I've talked with the employees that are laying the fiber, and this is indeed FTTH.
One of them told me that each cable they use has 6 usable fibers, and they start using one of those fibers at each pole they install a terminal at. Each terminal serves up to 8 homes, so each cable it seems, will light up to 48 homes.
Now, most of the fiber has already been laid, but the same can't be said for the terminals. They leave enough cable on every pole they intend to install a terminal at, but most areas that have the fiber don't have a terminal yet. The employee also mentioned that they are waiting for an underground fiber cable in the area they were at when i talked to them. a 5,000 meter cable that was being built day and night he said.
This is how the fiber looks like with the terminal installed, the fiber terminal is the black box:
I also have a small, crappy video i took in a rush when they were installing a different terminal:
Now, the reason i know that this is being deployed in most cities in Mexico, is because I've been hearing from other people in forums that have noticed the exact same thing i have. Some much bigger cities than mine, and some smaller.
What i don't know for sure is just how many areas of those cities is going to be served by their first run. But i have heard from numerous sources (including the guys laying the fiber) that only the most profitable areas are going live this year.
It's also worth noting, that the company that i think rushed their FTTH project (Totalplay) is expanding to more than 15 cities this year, Totalplay already offers 40mbit FTTH in most of Mexico city right now (they are a brand new company , owned by the same people that own TV azteca) This is good, but i don't think they'll be able to match Telmex's coverage.
No word yet if the cable companies owned by Televisa are getting the Docsis 3.0 treatment, but so far it doesn't look like it at all.

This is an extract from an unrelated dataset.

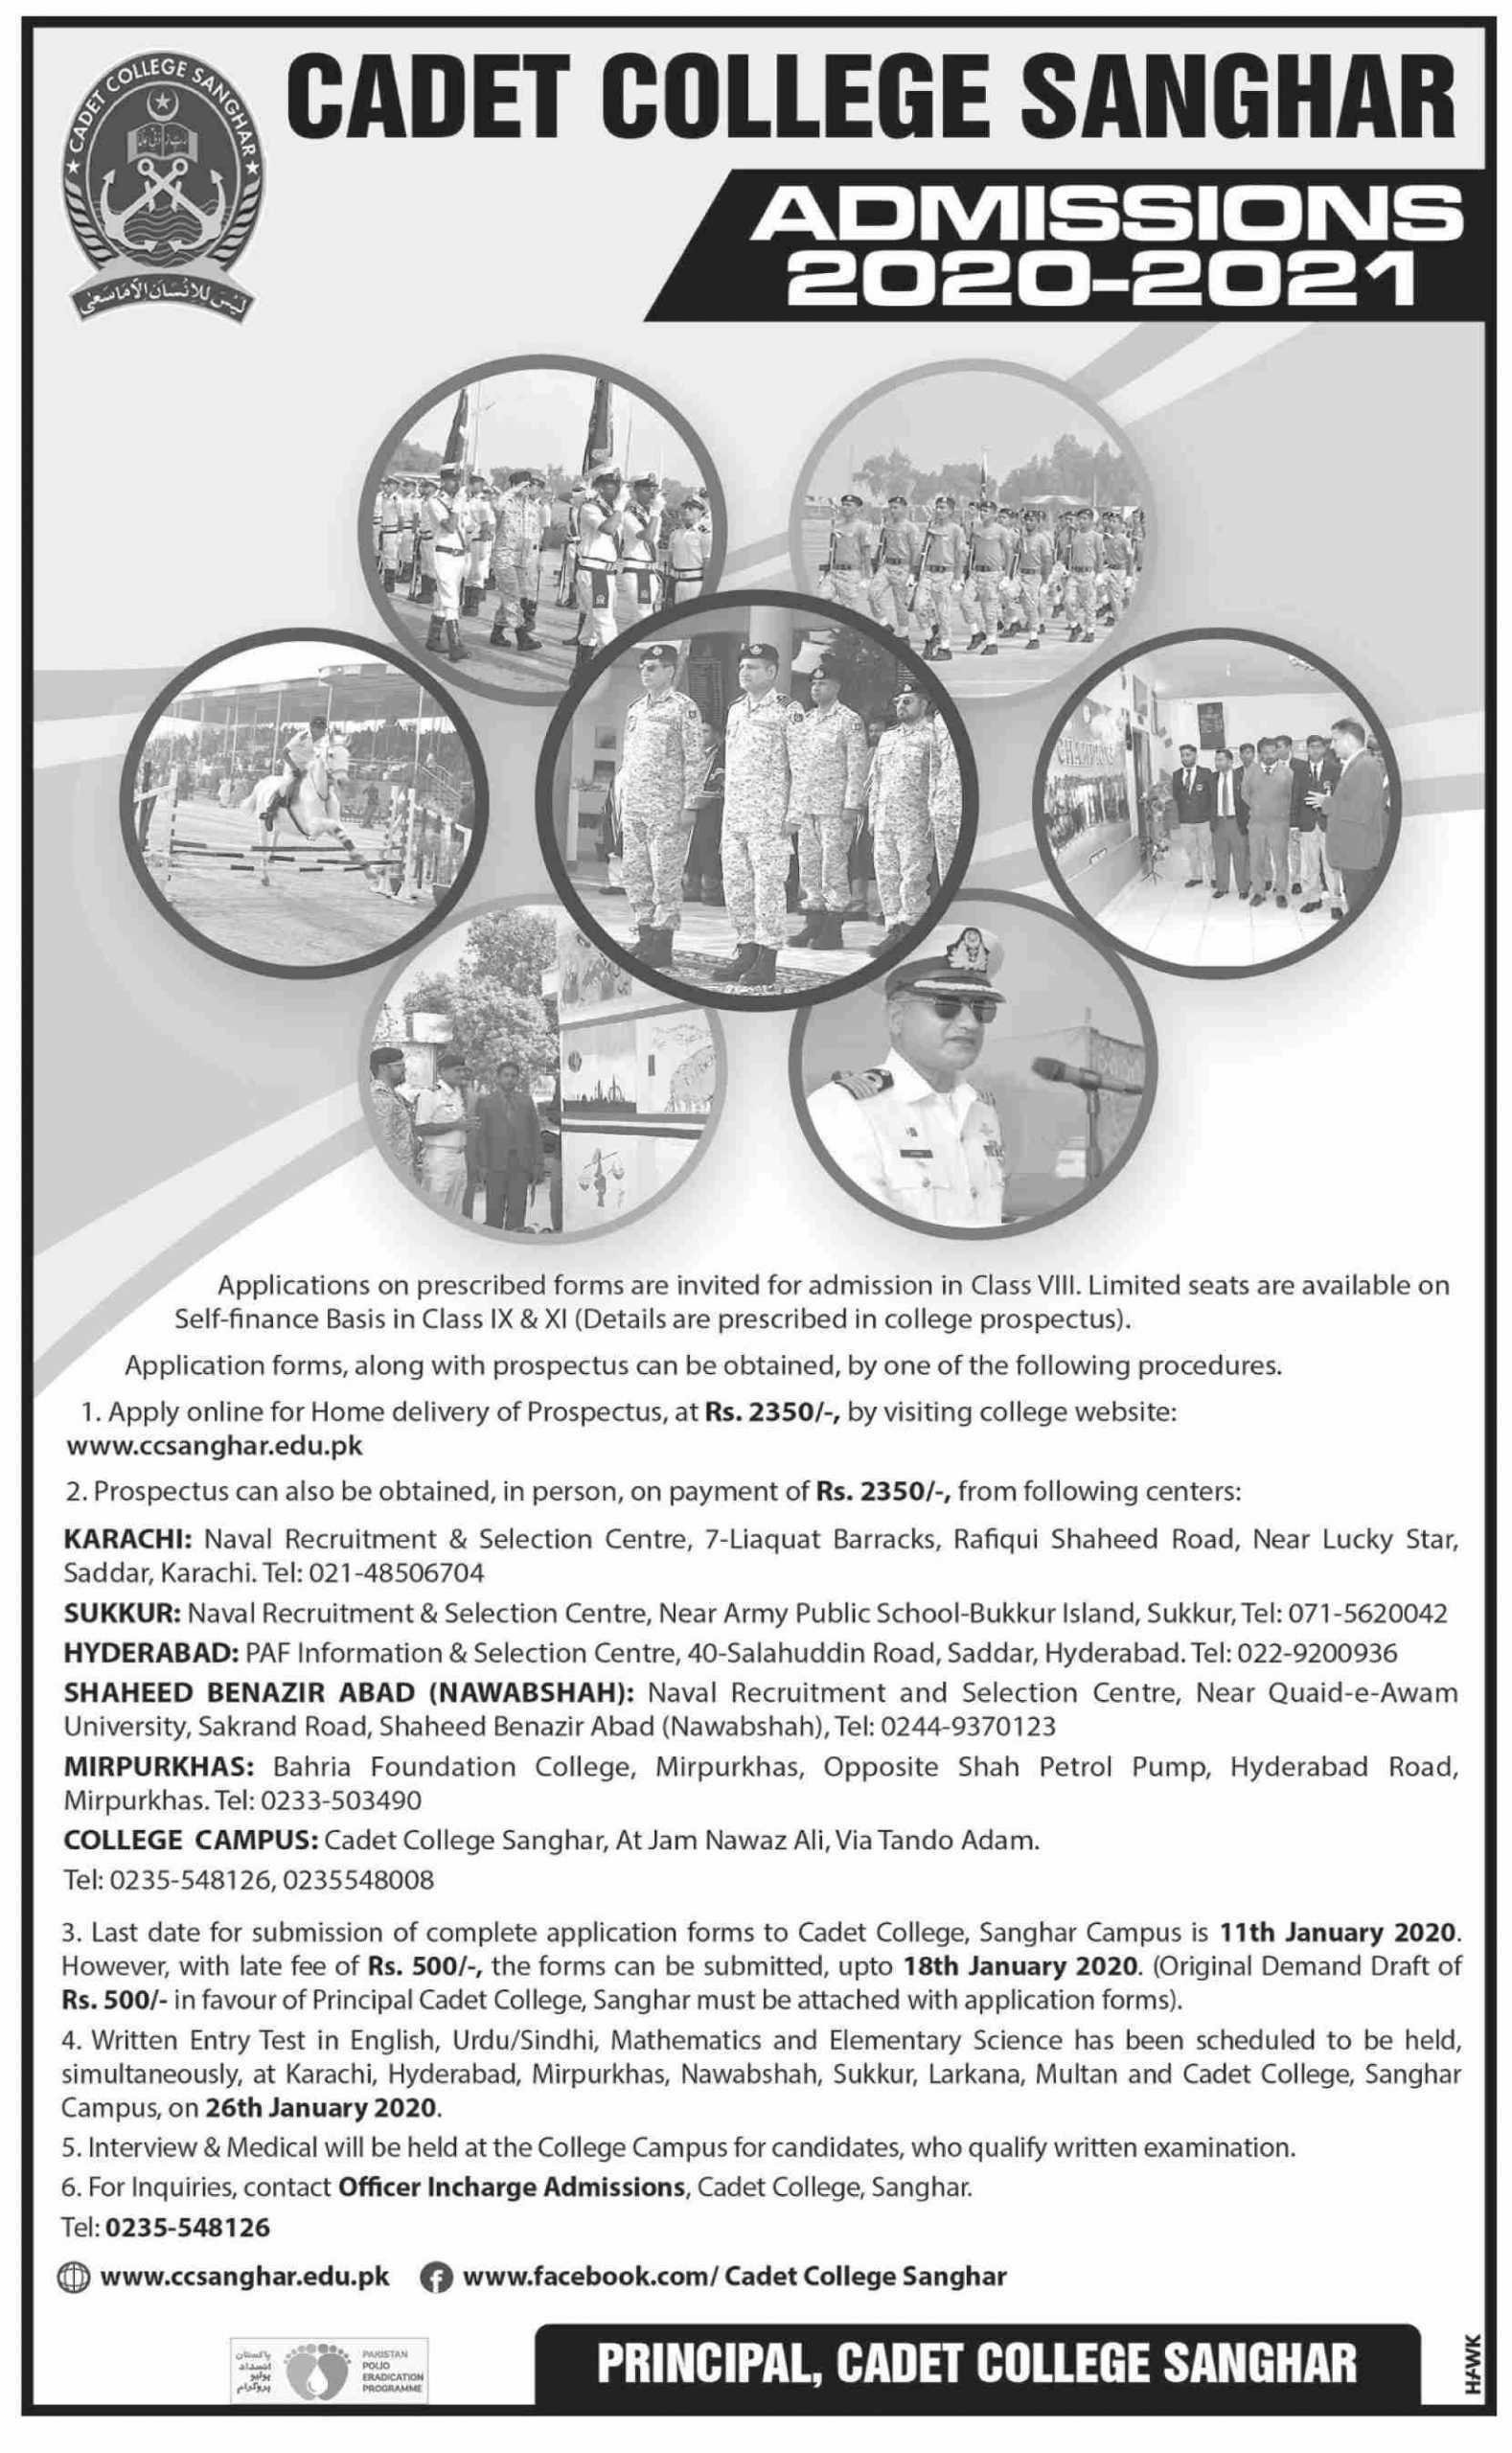 Cadet College Sanghar Admission 2020-21 8th Class
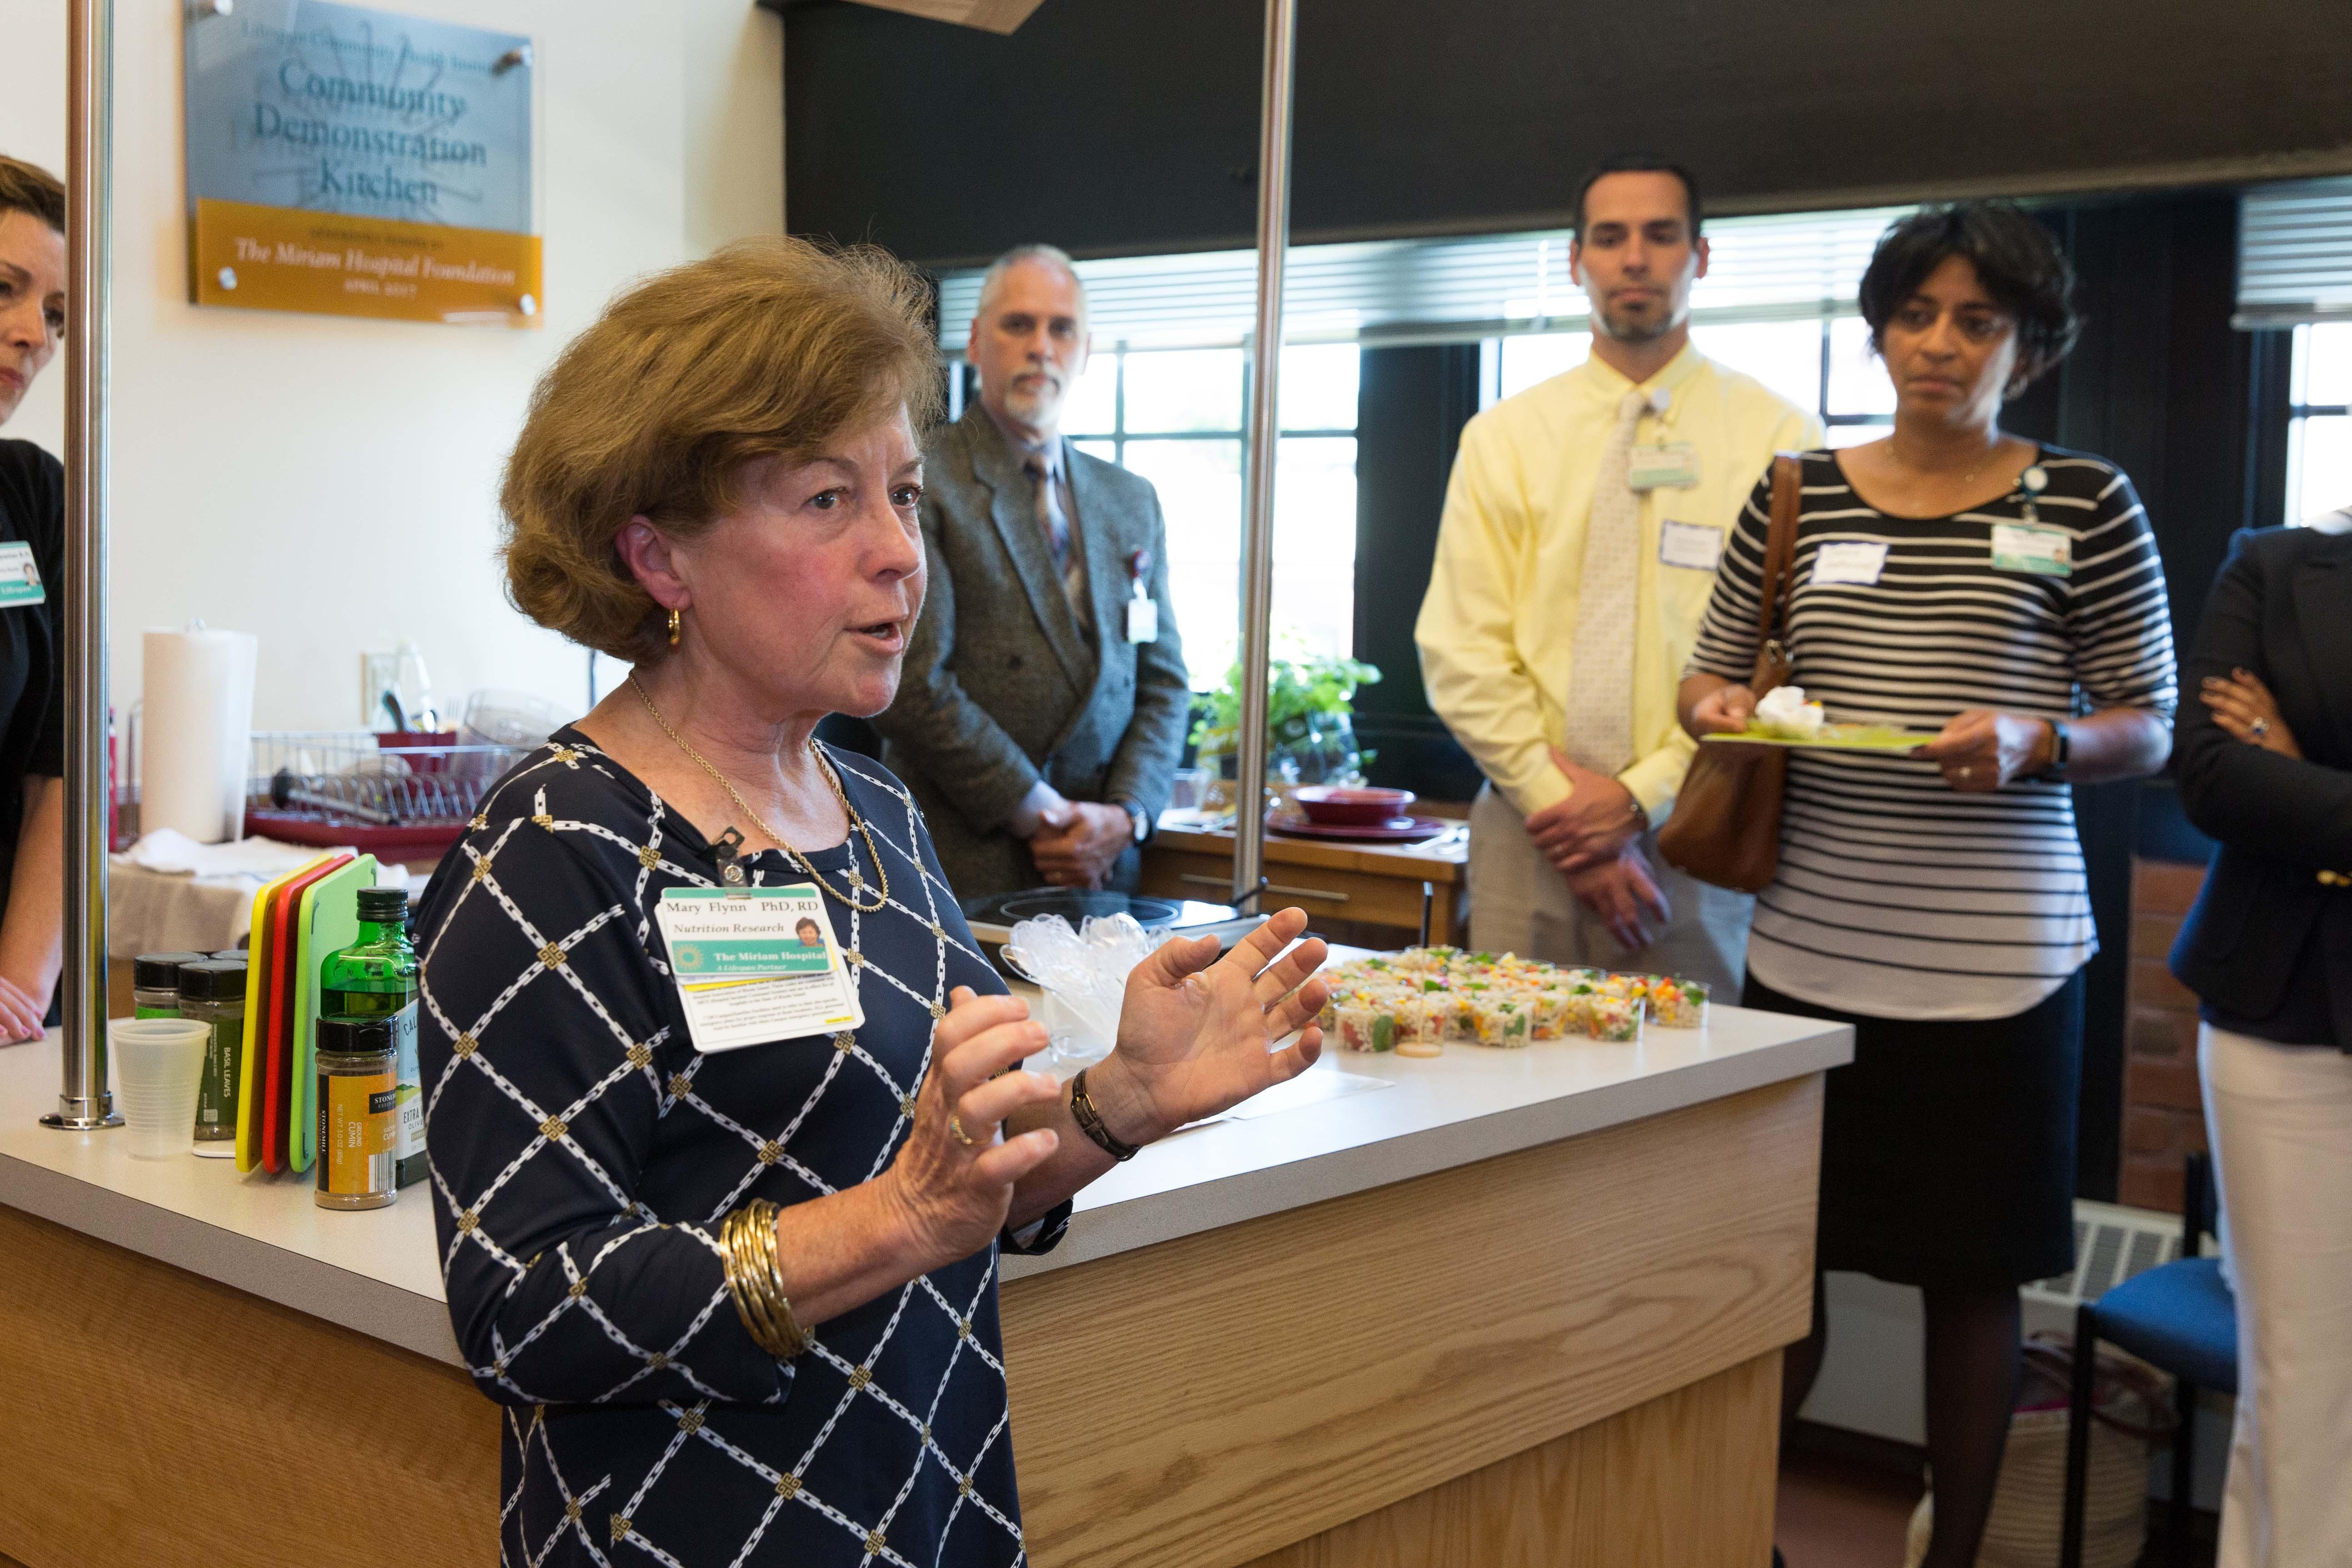 Demonstration Kitchen community demonstration kitchen | lifespan lifespan community

The speeds they plan to offer haven't been confirmed yet. But, I heard from some exec interviews that the max speed they plan to offer is 100 mbits, and they recently gave most of their website a cosmetic make over, and their "speedtest" webpage also got the make over... here's the interesting part:
This is how it used to look like before the make over:
This is how it looked like right after the makeover went live, notice the new top speeds for download/upload:
And this is how it looked just a few hours after the makeover went live:
Feel free to draw your own conclusions, but it seemed to me they realized they jumped the gun, since there's no official announcement yet and decided to change the speeds back to how they were.
I'll keep updating this thread as i get new information, and of course i'll do a full review of the service once i get my hands on it.